Şişli Belediye Başkanı Mustafa Sarıgülün CHPden ihraç edilmesinin ardından kendisini destekleyen İstanbul Milletvekili Ahmet Güryüz Ketenci, İzmir Milletvekili Hakkı Akalın, Mersin Milletvekili Ersoy Bulut, Hatay Milletvekili Züheyir Amber ve Amasya Milletvekili Mustafa Sayar, CHPden istifa etti.

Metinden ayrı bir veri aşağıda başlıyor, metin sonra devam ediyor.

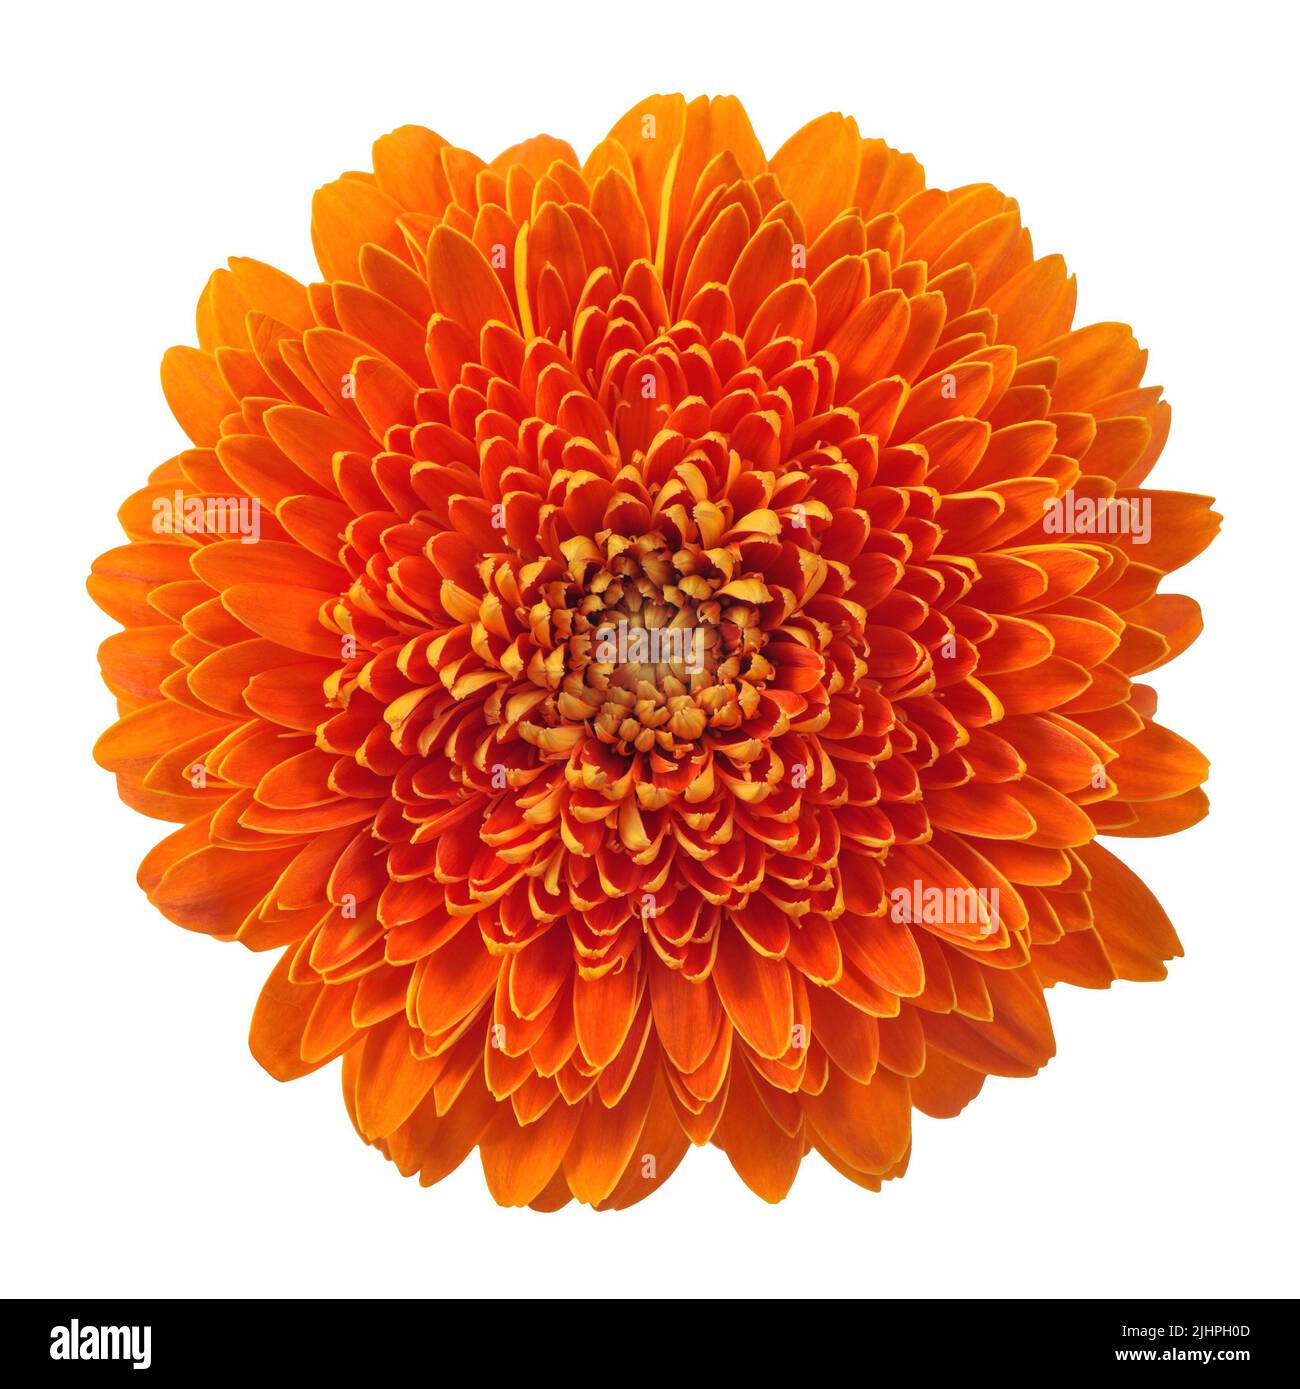 Gerbera flower head isolated on white background. Orange colored bloom Stock Photo

Milletvekilleri TBMMde düzenledikleri ortak basın toplantısında, yarın düzenlenecek bir törenle SHPye katılacaklarını açıkladılar. Bu katılımla TBMMde temsil edilen parti sayısı 6ya çıkacak.
CHPNİN SULTANI BAYKAL
CHPden istifa eden 5 milletvekili Parlamentoda düzenledikleri basın toplantısı ile istifalarının gerekçesini açıkladılar. Milletvekillerinin ortak imzalarını taşıyan açıklamayı Mersin Milletvekili Ersoy Bulut okudu.
Açıklamada, tüzük değişiklikleri ile CHPde başlayan yapılanmanın Oligarşik olduğu ifade edilerek, Bu yapılanma giderek tam bir Baykal hegemonyasına dönüşmüştür denildi.

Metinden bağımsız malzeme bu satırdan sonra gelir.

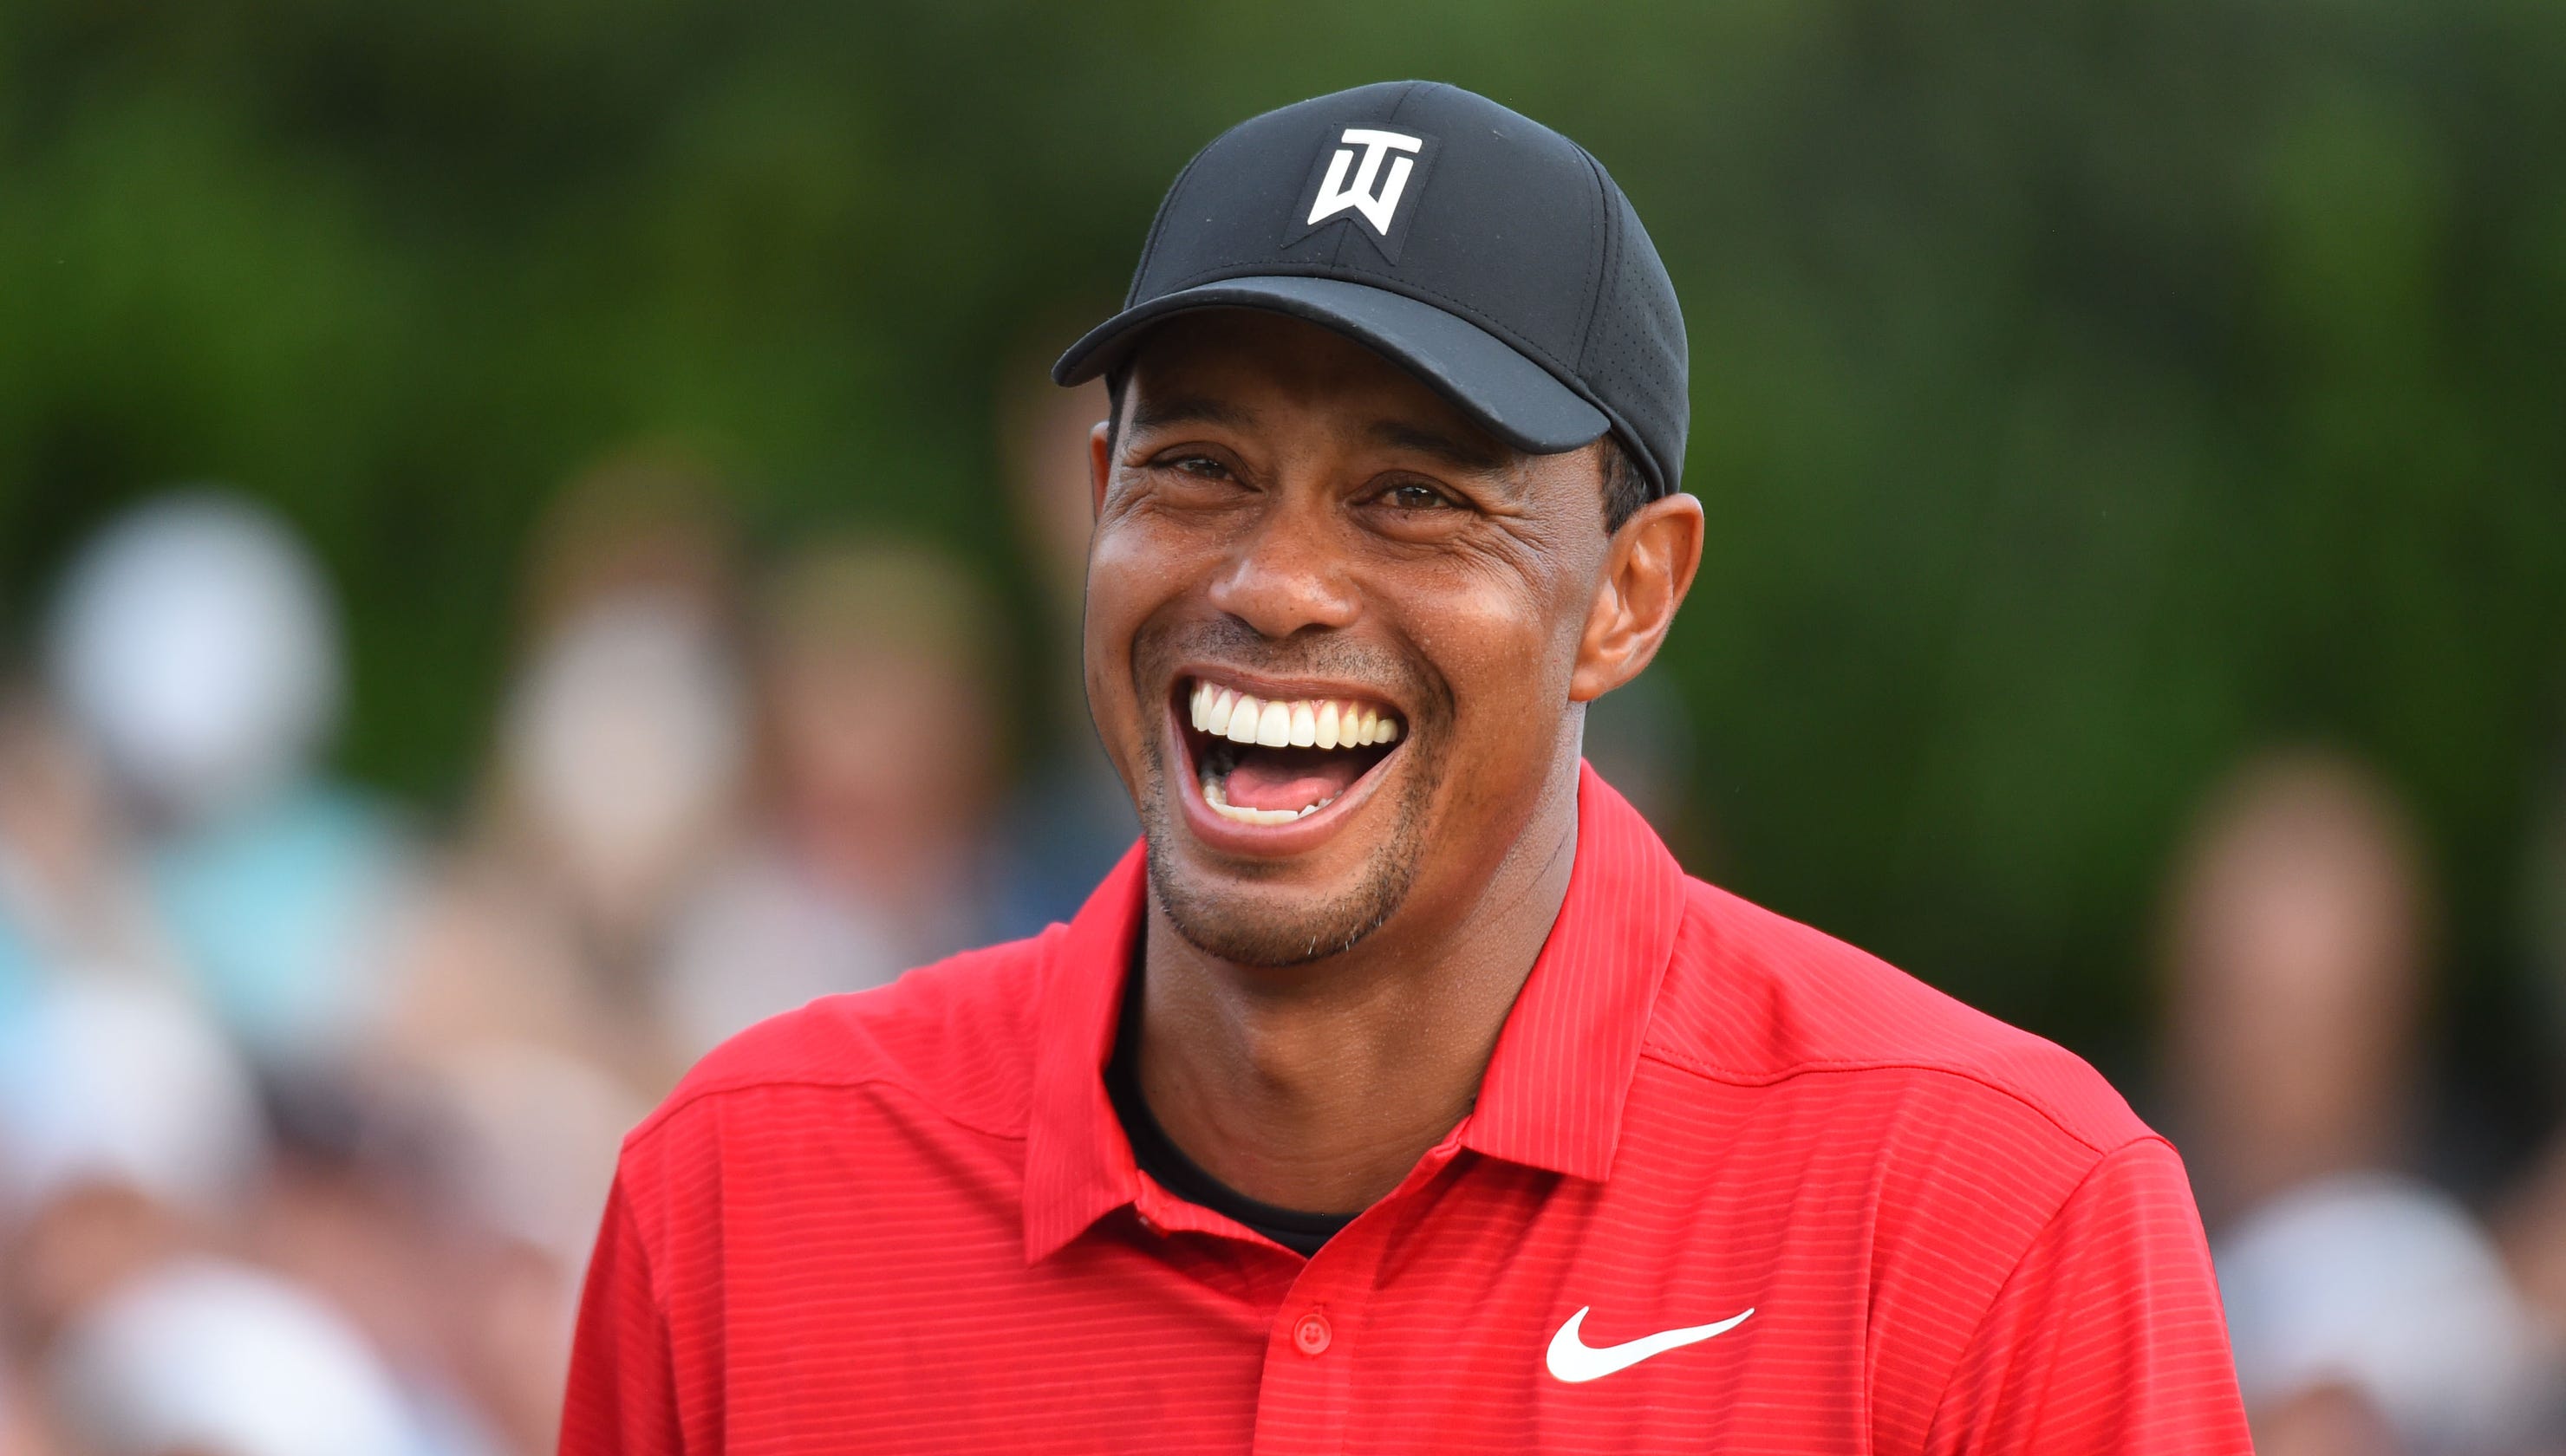 Tiger Woods: Winning his 15th major title might not be far off

Milletvekillerinin partiden atıldığı, kurultay delegelerinin partiden kovulduğu, örgütte sorumluluk taşıyan yöneticilerin disiplin kurullarına gönderilerek verdirilen cezalarla işlevsiz ve etkisiz hale getirildikleri ifade edilen açıklamada, şu görüşlere yer verildi:
CHP Politbürosu bunlarla da yetinmeyerek, başta İzmir, Aydın illeri olmak üzere daha pek çok il ve ilçe yönetimlerini görevden almış, İstanbul İl Yönetimi ise 1993 yılında Ümraniye Belediye Başkanı iken 43 yolsuzluk dosyası ile SHPden atılmış olan İl Başkanı Şinasi Öktemin Bizans oyunları ile düşürülmüştür.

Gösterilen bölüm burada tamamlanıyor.